Question

Does the following Java code guarantee an exclusive lock on an unopened file in Windows?

import java.io.File;
import java.io.FileNotFoundException;
import java.io.FileOutputStream;
import java.io.IOException;

public class Test {
    public static void main(String[] args) {
        File file = new File("mylog.log");
        try {
            FileOutputStream fos = new FileOutputStream(file);
            fos.getChannel().lock();
        } catch (FileNotFoundException e) {
            e.printStackTrace();
        } catch (IOException e) {
            e.printStackTrace();
        }
    }
}
Was it helpful?

Solution

As may be seen in Java specs:

File locks are held on behalf of the entire Java virtual machine. They are not suitable for controlling access to a file by multiple threads within the same virtual machine.

So if you need exclusive lock for the thread, please choose another way.

OTHER TIPS

tl;dr: No. You cannot make assumptions about the behavior of the host operating system's treatment of your locks.

Good news: Are you trying to ensure that you have a thread-safe locking mechanism within your application? If so, FileLock is sufficient (assuming that the rest of the application is composed of properly written thread-safe code, of course).

Bad news: Unfortunately, if you are trying to ensure that Windows will honor your lock over all applications, you cannot count on that.

This is easy to observe in Windows: you can often overwrite files that are being written to (when log files get too long, I have emacs chop all the previous spam, for example). That said, Windows usually will not allow you to delete an open file.

From the FileLock documentation:

File locks are held on behalf of the entire Java virtual machine. They are not suitable for controlling access to a file by multiple threads within the same virtual machine.

File-lock objects are safe for use by multiple concurrent threads.

... and later ...

Whether or not a lock actually prevents another program from accessing the content of the locked region is system-dependent and therefore unspecified. The native file-locking facilities of some systems are merely advisory, meaning that programs must cooperatively observe a known locking protocol in order to guarantee data integrity. On other systems native file locks are mandatory, meaning that if one program locks a region of a file then other programs are actually prevented from accessing that region in a way that would violate the lock.

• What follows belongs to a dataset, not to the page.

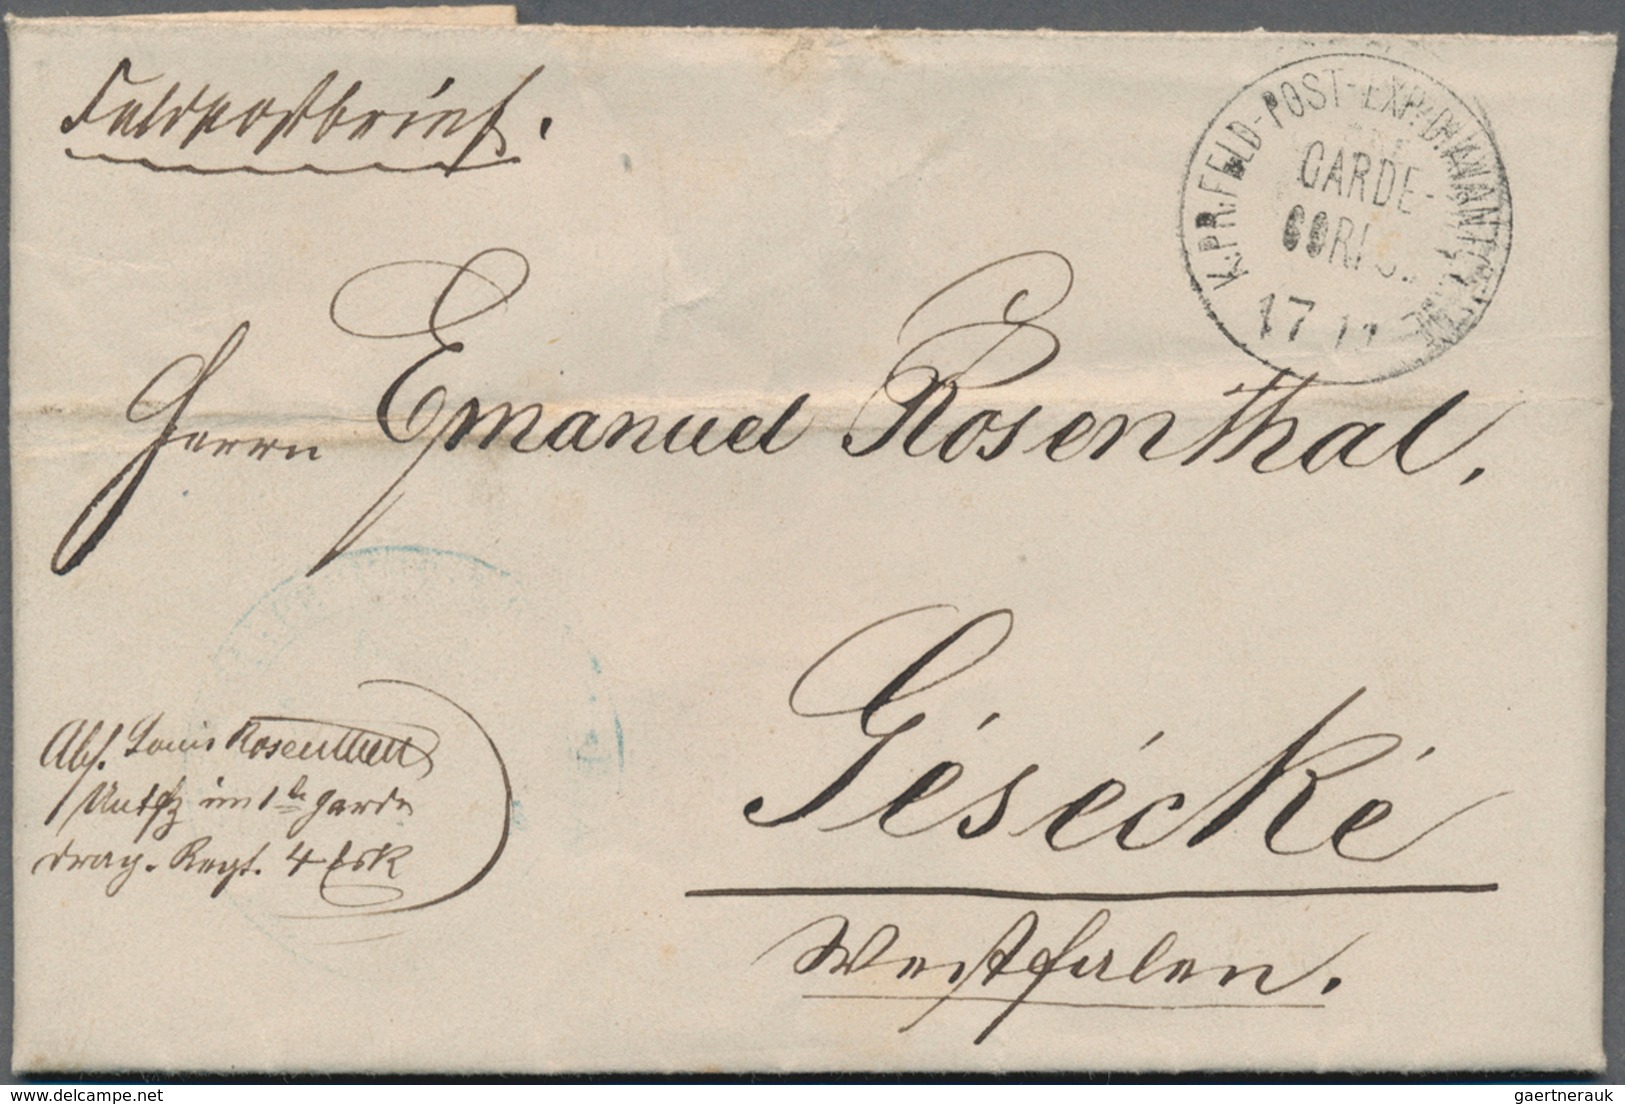 Preußen - Feldpost: 1870-1871 (ca.), DEUTSCH-FRANZ. KRIEG, herausragende Sammlung von ca. 155 Belege

On yet other systems, whether native file locks are advisory or mandatory is configurable on a per-file basis. To ensure consistent and correct behavior across platforms, it is strongly recommended that the locks provided by this API be used as if they were advisory locks.

Even if you use lock and unlock flags for the file, you're only guaranteeing that you have an exclusive lock within your Java application.

You either have to use the JNI, or another computer language, to make the Windows calls to guarantee an exclusive lock on a Windows file.